> Task to carry out:
The answer must be an exact copy of the lines from the one with "Nettoyeur haute pression" through the final line below, with no pictures and nothing else.

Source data
/---
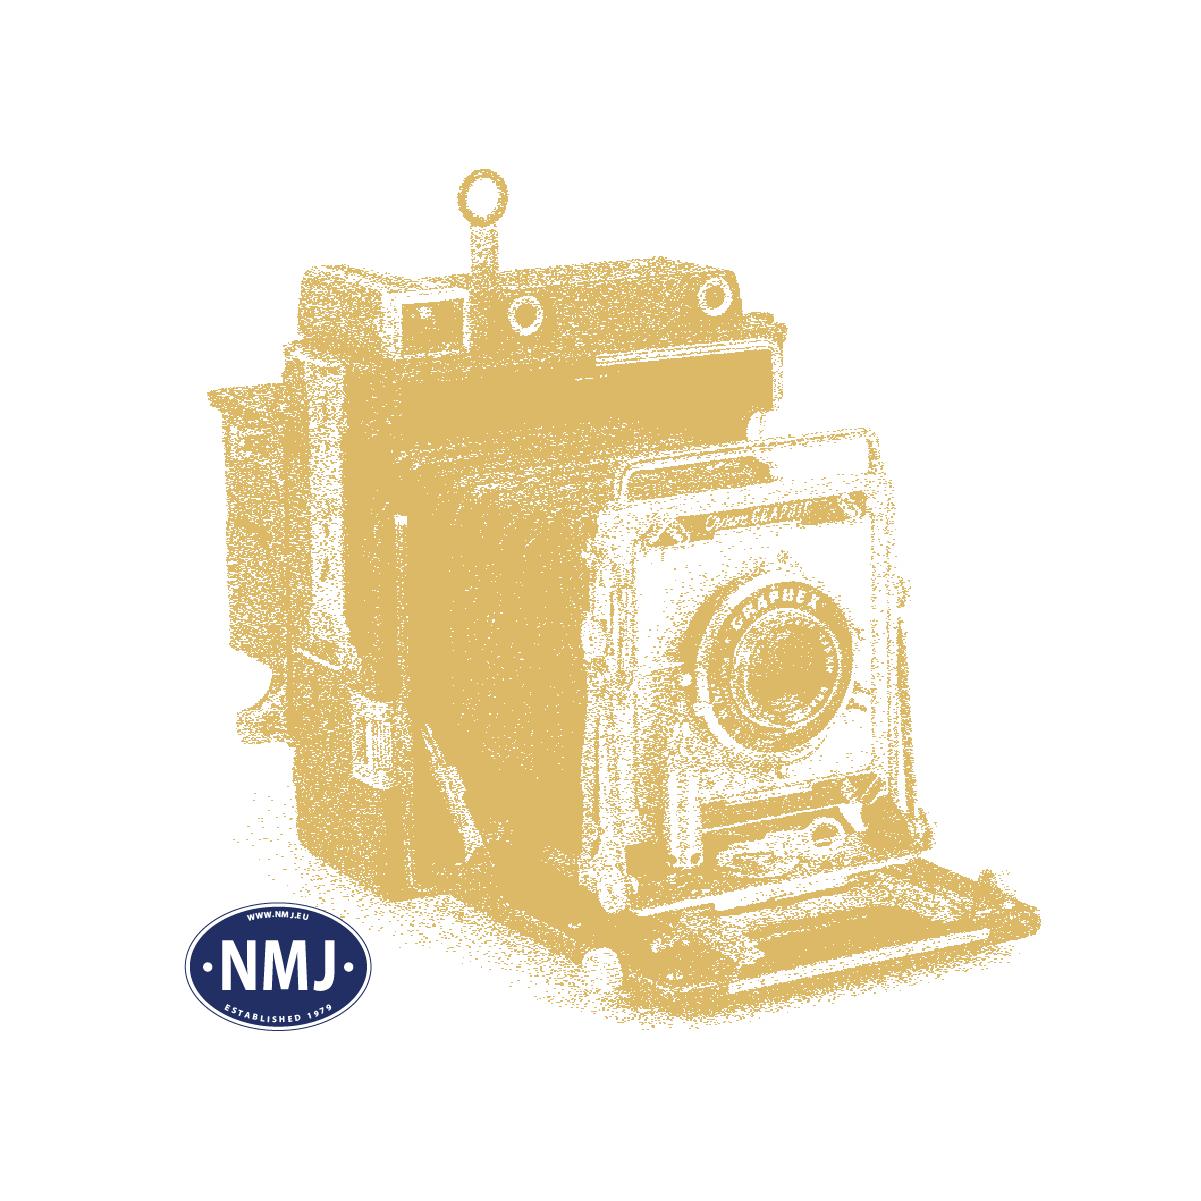 NJKPS170 - På Sporet nr 170, blad
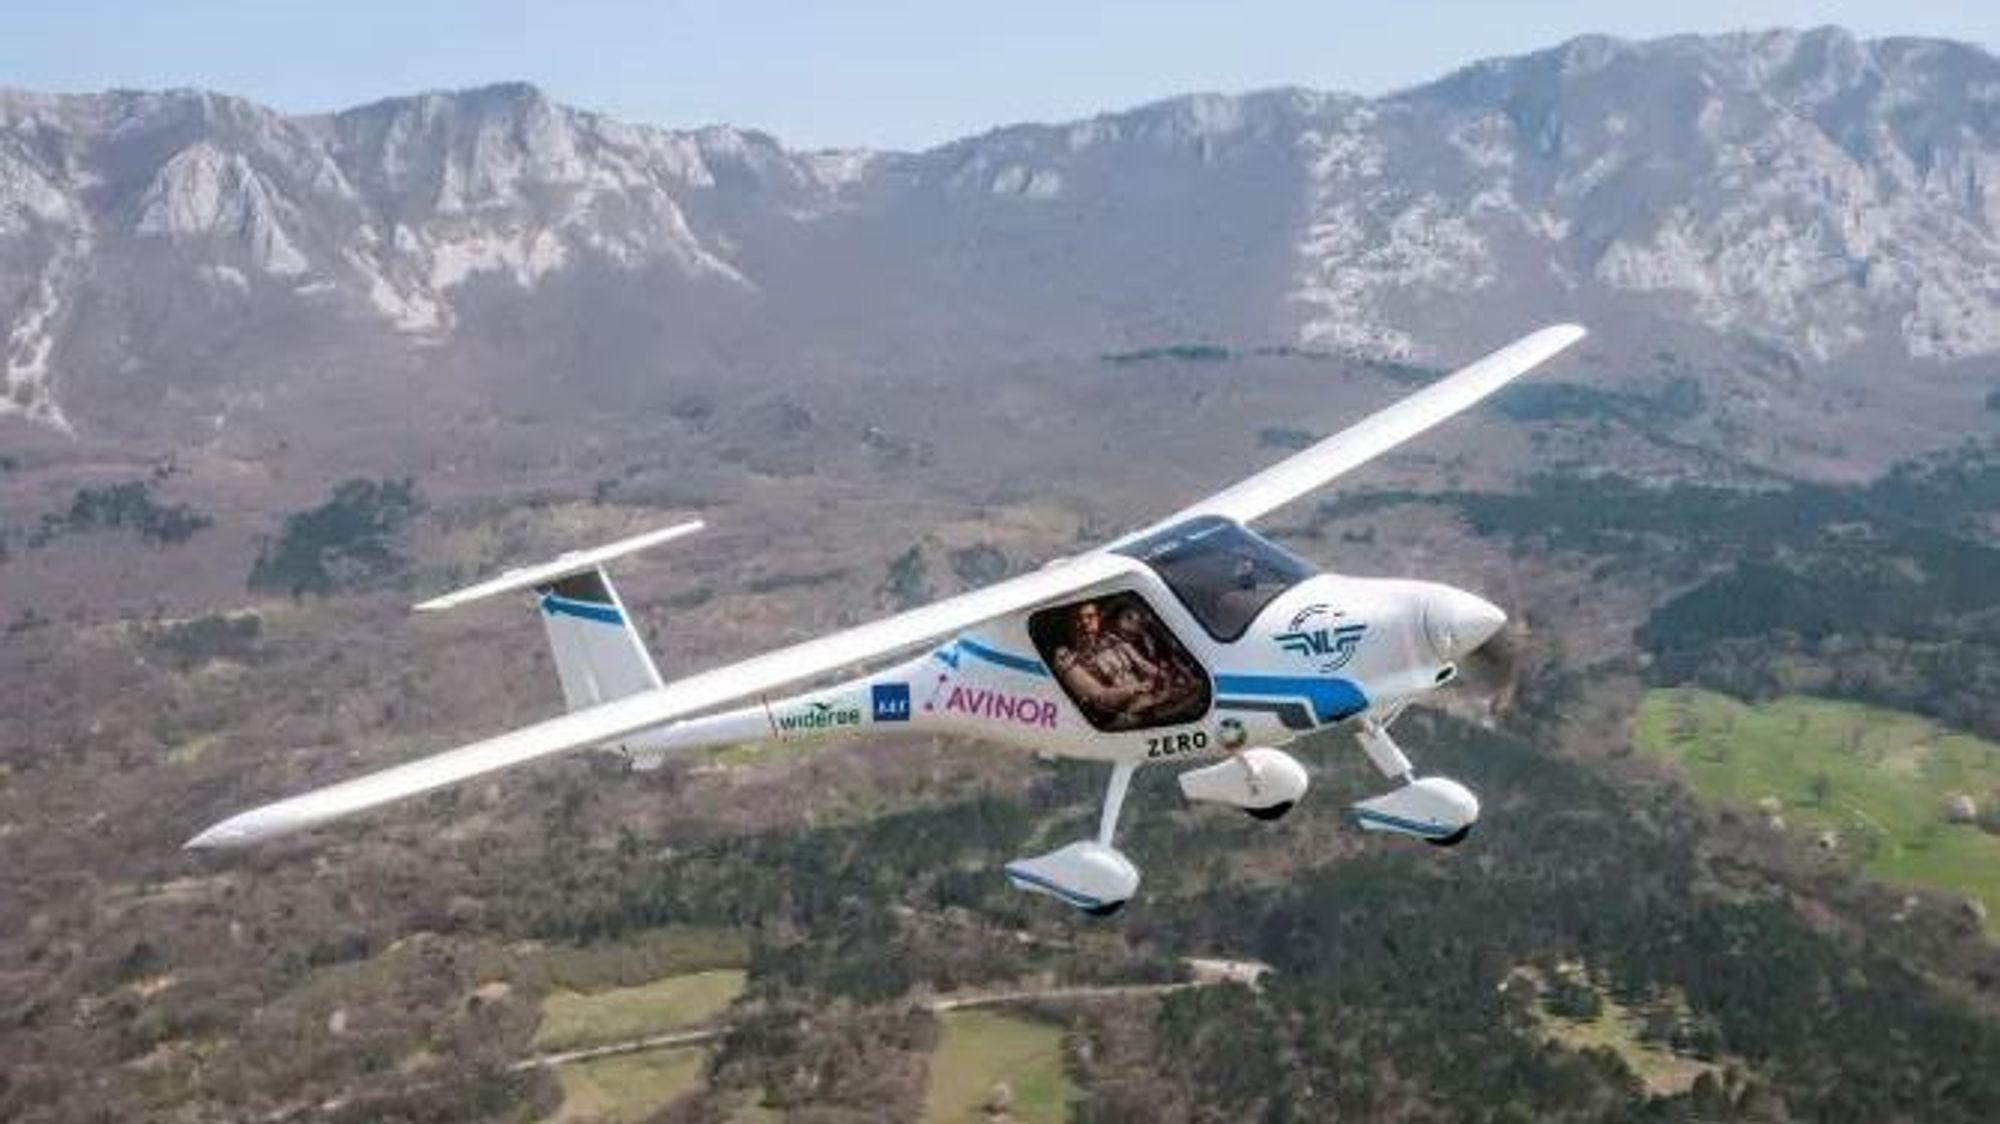 Avinor og Norsk Luftsportforbund har gått sammen om å kjøpe et elektrisk fly av denne typen.
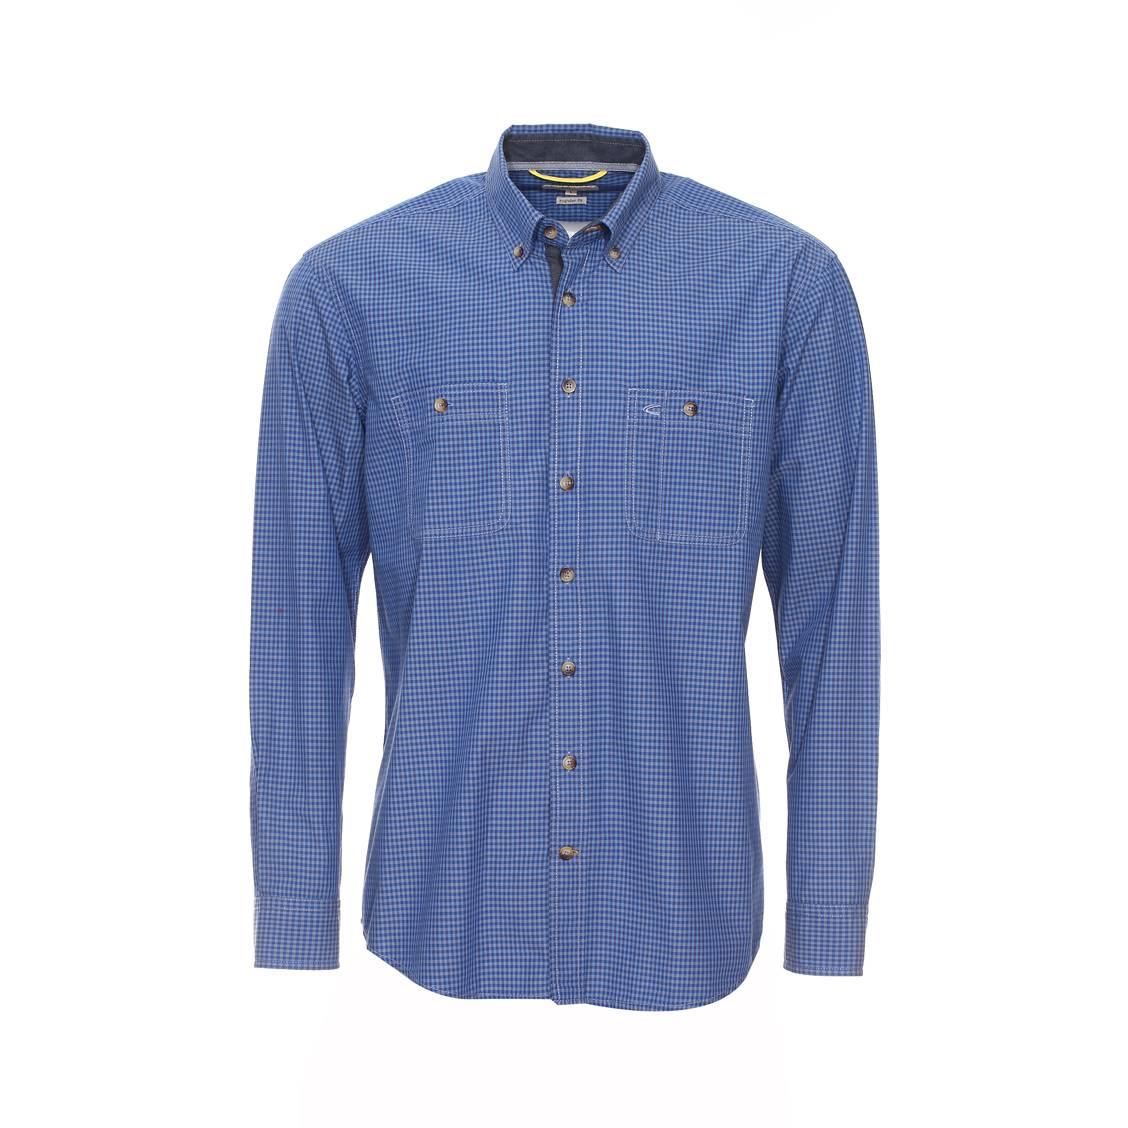 chemise droite camel active petits carreaux bleu marine gris et bleus rue des hommes. Black Bedroom Furniture Sets. Home Design Ideas
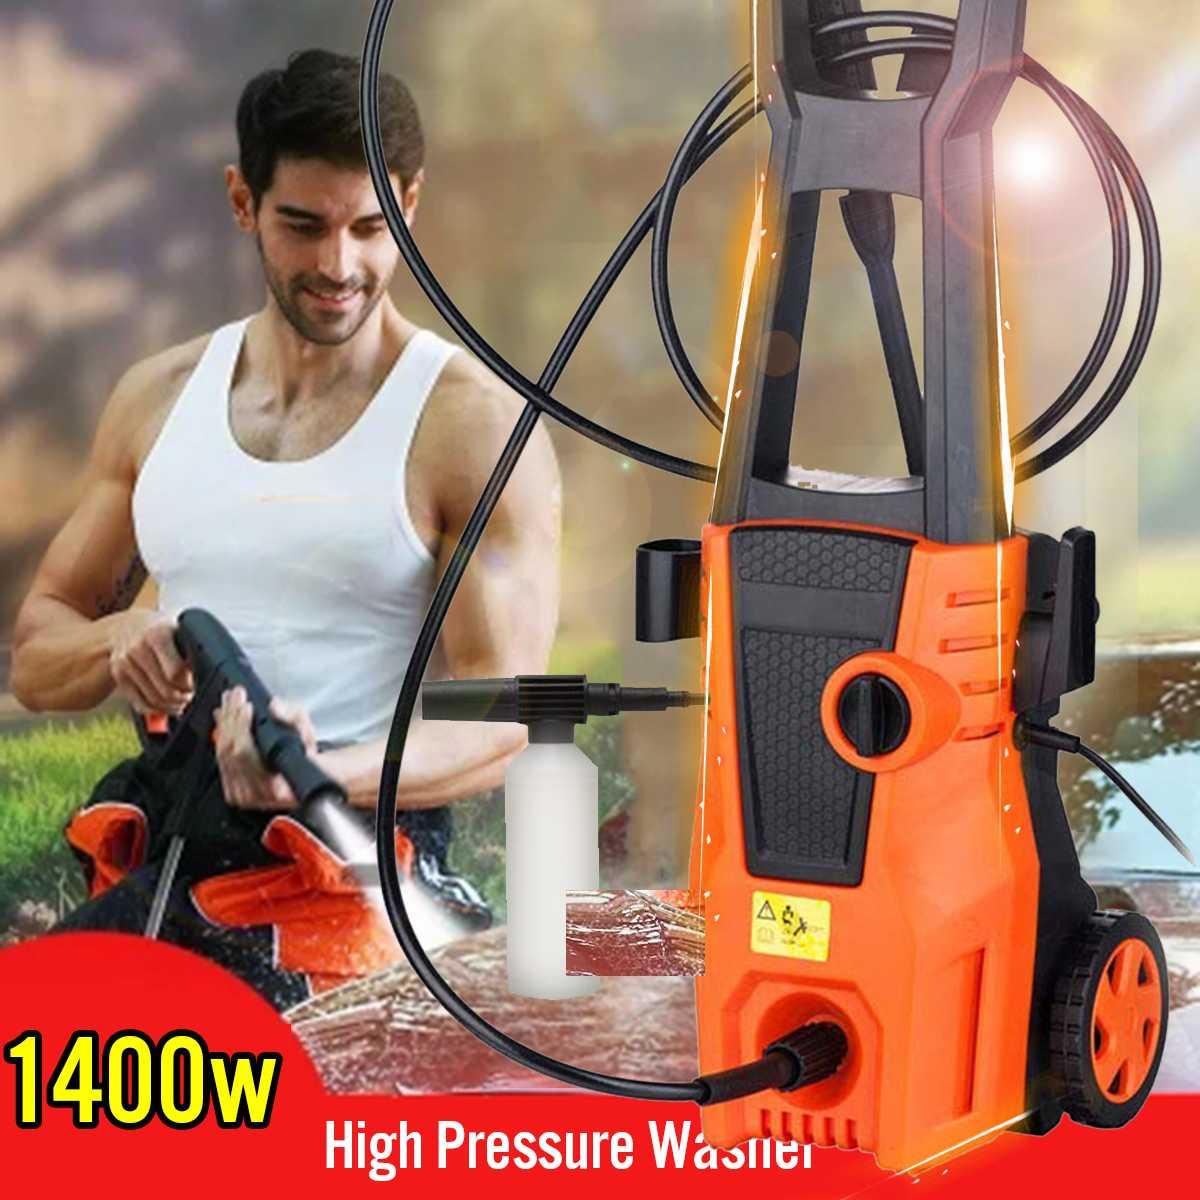 Nettoyeur haute pression lave-Auto Auto soin Spray Turbo tuyau d'eau pistolet de pulvérisation détergent bouteille voiture Auto-lavage Machine 1400 w nouveau
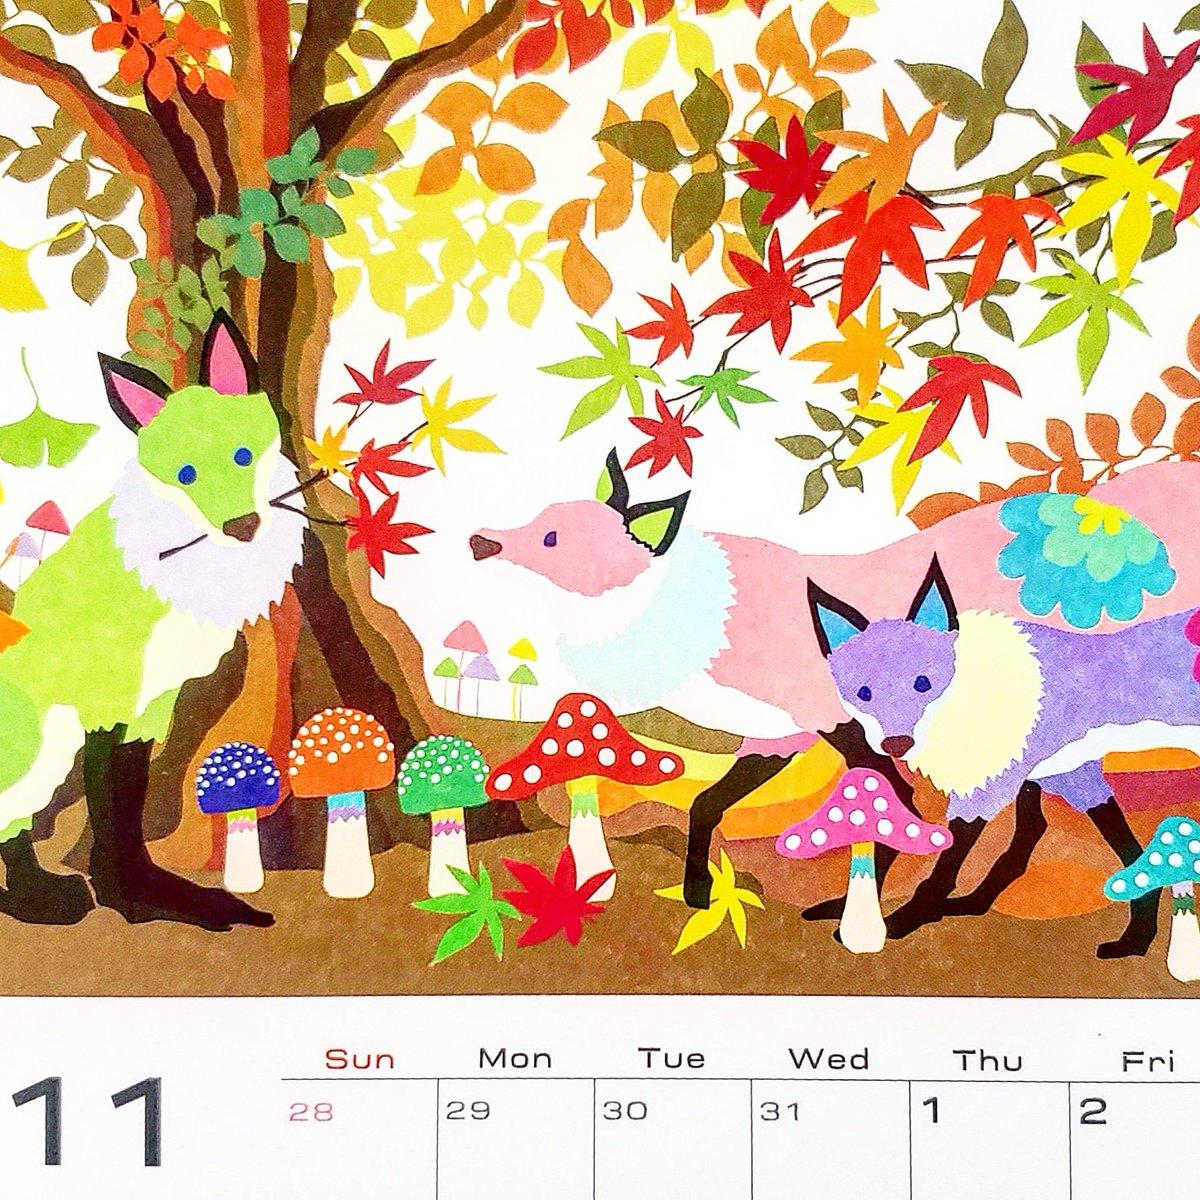 ホラグチカヨ Auf Twitter イラストを担当させていただいた T Co Bnectttvqb のカレンダー 11月の担当動物は キツネ です 紅葉にきのこ狩り 秋は美しい季節ですね ホラグチカヨ Kayohoraguchi キツネ Illustration T Co Bflxy34bfu
\---
> Result of this task:
 Nettoyeur haute pression lave-Auto Auto soin Spray Turbo tuyau d'eau pistolet de pulvérisation détergent bouteille voiture Auto-lavage Machine 1400 w nouveau
 ホラグチカヨ Auf Twitter イラストを担当させていただいた T Co Bnectttvqb のカレンダー 11月の担当動物は キツネ です 紅葉にきのこ狩り 秋は美しい季節ですね ホラグチカヨ Kayohoraguchi キツネ Illustration T Co Bflxy34bfu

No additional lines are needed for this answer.